Port environments are inherently complex and high risk operations. With the introduction of new health and safety legislation in April 2016, New Zealand ports asked us for clarification on some aspects of the law in the context of their work.

Within ports there are numerous businesses involved who have overlapping responsibilities for health and safety, and risks change daily, depending on the port activity (imports, exports, vessel arrivals and departures).

Port operations are 24/7 and workers are usually onsite day and night. Many of these workers are sub-contractors and knowledge and awareness of health and safety risk management varies.

This presented us with an opportunity to work with them to develop a 'ports' tool to support the ports sector with risk management.

The tool helps contextualise risks, and importantly enables consistent messaging around good practice risk management. Risk hotspots shown within each of the zones will pulse and open up to reveal further information – which will include dynamic content (such as video), plus relevant controls and guidance.


Before the new law was introduced, we met with a number of ports who wanted clarification about what the new law meant for them.

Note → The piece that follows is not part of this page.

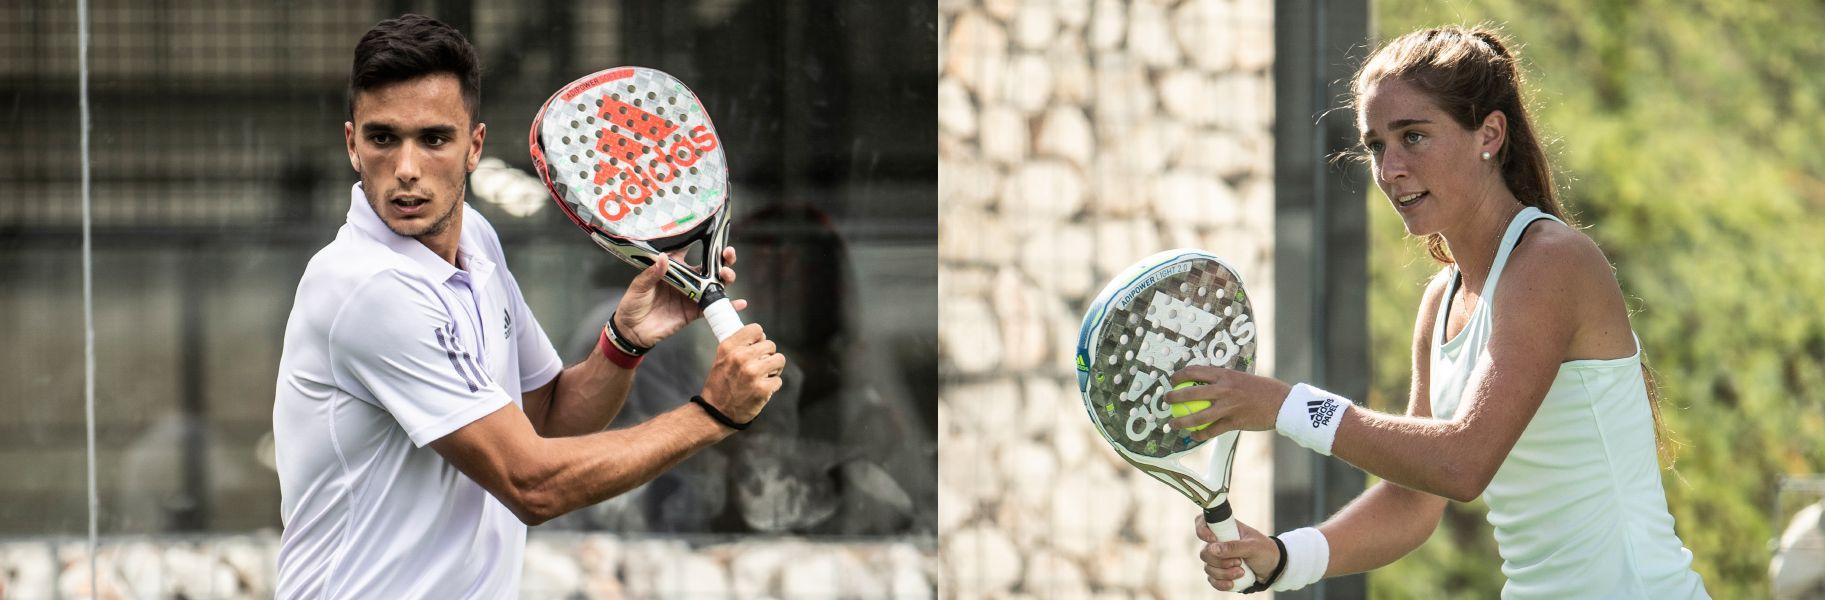 Ale Galán y Marta Ortega con sus nuevas palas Adidas.   Foto: Adidas Padel

A meeting with Tauranga, Auckland and Napier Ports in early 2016 provided detailed context for what the key issues were.

  • 2 port workers have died in the last year.
  • 12 people have been injured, some with life-changing consequences
    (refers to the number of incidents involving notifiable serious injury occuring at NZ ports reported to WorkSafe).

It was agreed we would work with Napier Port and develop an accessible, engaging and interactive tool that could support ports and their workers by clarifying these health and safety issues in context.

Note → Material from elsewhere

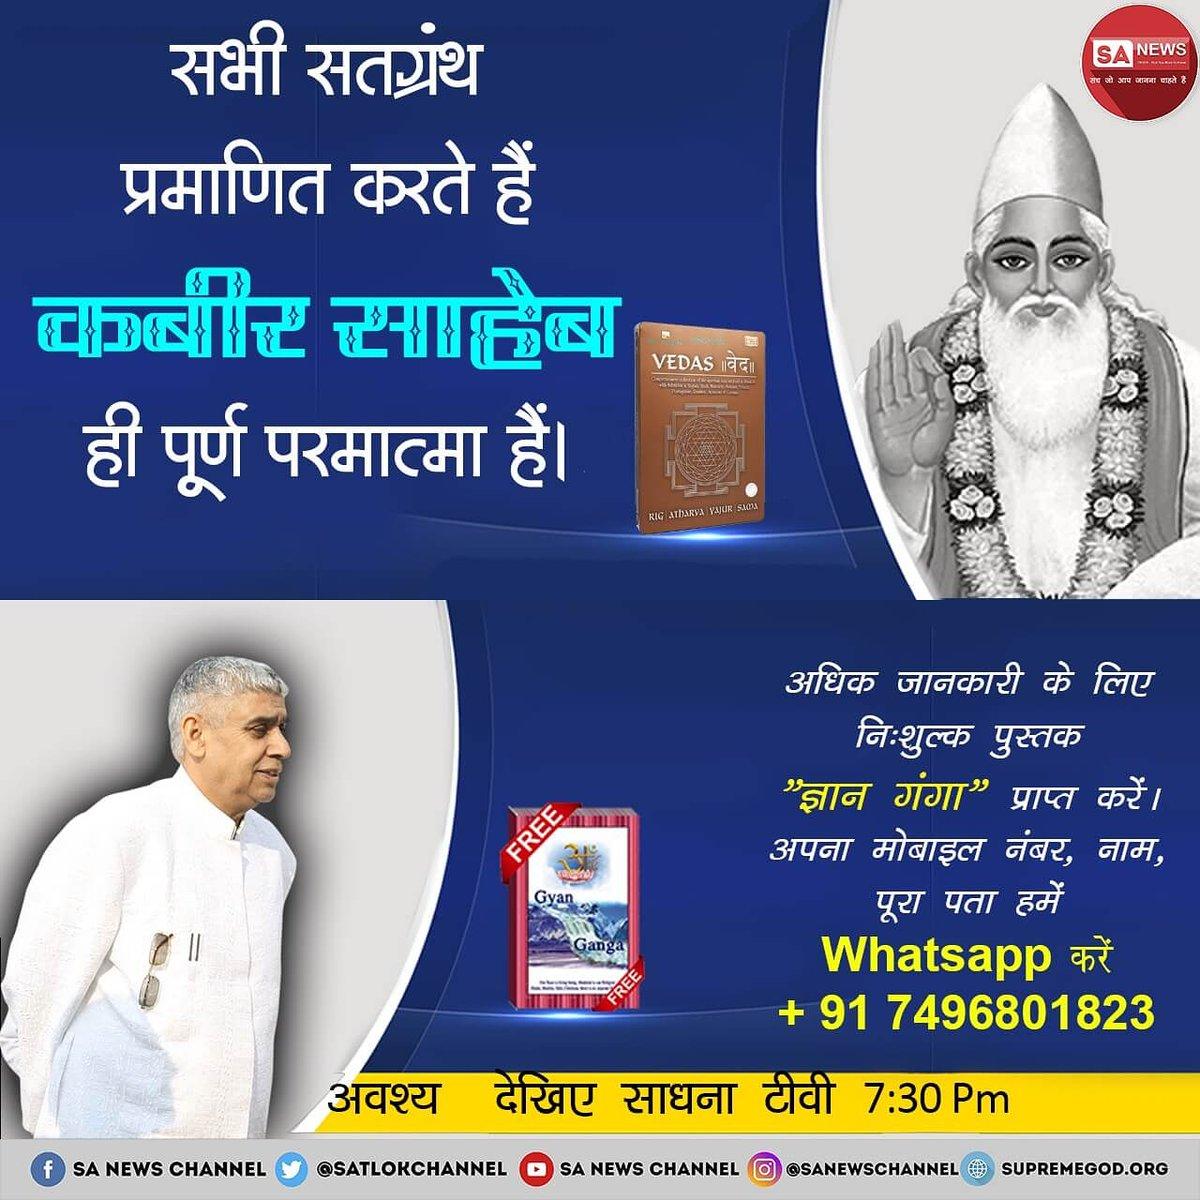 #Kabir_Is_God हमारे सभी धर्मों के धार्मिक ग्रंथ प्रमाण से रहे हैं कि कबीर साहेब भगवान हैं, पूर्णप्रमात्मा हैं अगर विश्वास नही तो देखे साधना tv शाम 7:30 बजे

A number of co-lab workshops were held with Napier Port during 2016 and 2017. These workshops highlighted the unique complexities of each operational area such as 'log fumigation' or 'container terminal'. We needed to design an approach that did not overwhelm respective resources, yet ensured that agile momentum would be maintained within the project.

The Ports Tool will support managers to have conversations with workers about the most critical risks across the different areas of port operations.

Three connected layers:

  • Support inductions to the port: A bird's eye view interactive map of the port, highlighting the key zones which all contain their own unique risks.
  • Support individual operational areas: The port has been broken into seven zones (four additional zones will be developed in phase two). These zones are accessed from the bird's eye view (plus a secondary navigation) which provides a deep dive into each operation zone. Each zone contains six to seven hotspots which will pulse and indicate a risk. The hotspot can be clicked on and layers of information and content unfolds – describing the risk and controls, and linking to additional guidance.
  • Support workers: Managers/H&S Reps can use this tool to educate workers on the key risks in each zone. They can customise their own port content to aid this process. As a potential future phase we will look to trial beacon technology to dynamically push health and safety information into mobile portacoms within each operational area.

How it works

The tool is being developed using open-source technology including vector based animation. The application was built using the following standard file types:

  • HTML5, CSS3, JavaScript, Jquery, MySQL, and XML for application development, and
  • GSAP, JavaScript, jQuery & CSS3 for vector animation.

The tool will be hosted on Amazon Web Services (AWS) using S3 bucket.

The Ports Tool will launch in May 2018 and is in current animation build.

The tool is intended to be accessible by all ports.

This initiative was created as part of the Better for Business collective.